Convocations is a map of that second deeper grief, one not of a specific parents but the grief behind that one, the mother-grief of all griefs. Hence, of course, its mystic title; these are not the memories of a lost mother as before but instead the mystic incantations of the seer attempting to make peace with death itself as a universal process, attempts to seek reason in the profundity of the perpetual fountain of pain which so mysteriously also seems to be the progenitor of progress and creation. The attempt to see death not as the opposite of life but the opposite of birth.
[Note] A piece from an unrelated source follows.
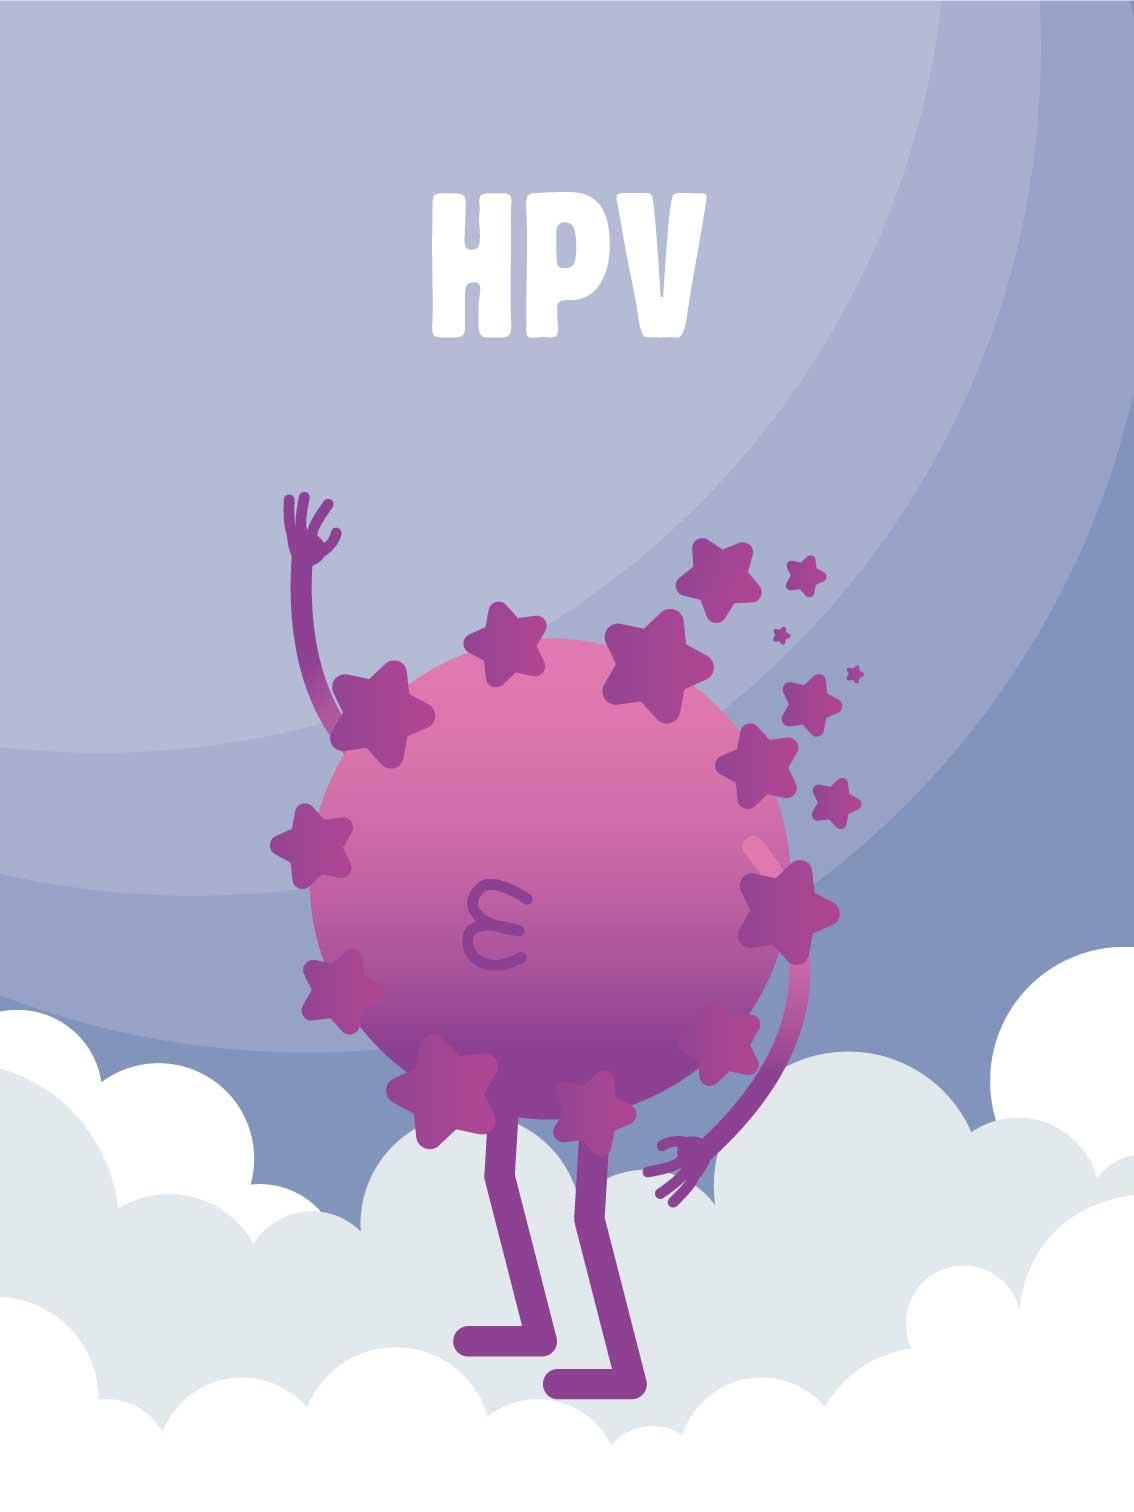 hpv virus test frauen

Fitting, then, that each cycle has ten movements, that perfect frozen number, save the final one, terminating at 9, incomplete. This perfect acceptance, the grace of Christ and the Buddha, slips out of reach right at the end; the mystic arrives at da’ath but in the darkness of the void cannot make it through to the bright light of the Godhead and instead falls back to earth.

Musically, Convocations is a serene and thoughtful development on the Sufjan that began to emerge through projects such as The BQE, Planetarium, Aporia and The Decalogue. The arthouse electronic tendencies present from his earliest work up until last year’s The Ascension appears but abstracted here away from the gurgling accompaniment of vocal song into the bright and imagistic contemporary classical work that has been such a strong opposing narrative thread in his aesthetic development. This is not the Sufjan of his indie pop days; while any given suite can make a kind of emotional sense on its own, nary a movement within them would be coherent on an emotional level taken outside of their wholes, still leaving 30-minute oceans to contend with. But his ear toward what constitutes moving and compelling music in this format belies that ambient is only one of the pieces in the pie.

While ambient and new age music certainly contribute greatly to his sense of emotionally-directed soundscaping especially in the longform, elements of kosmische and contemporary classical offer compelling swirls and proggy flourish within those soundscapes. Textures build and develop over the span of several minutes, rarely locking into a lengthy groove but instead feeling almost painterly, like the tone poems and sound-portraits of the Romantic era. It’s from this richness that my hypothetical image-tale can be drawn, mapping sounds to imagistic origins and seeing their interrelation as conflicts, journeys, reunions and departures. This is not static music. Despite its length, Convocations is a developed and moving, shifting portrait of the fullness of grief. Its elliptical structure is not aimlessness but crenelated detail, all of which still amounts to a final slipping away of the completed grace of acceptance. As a meditation on loss, be it of parents or of broader universal/personal death, its a profound and holy canticle.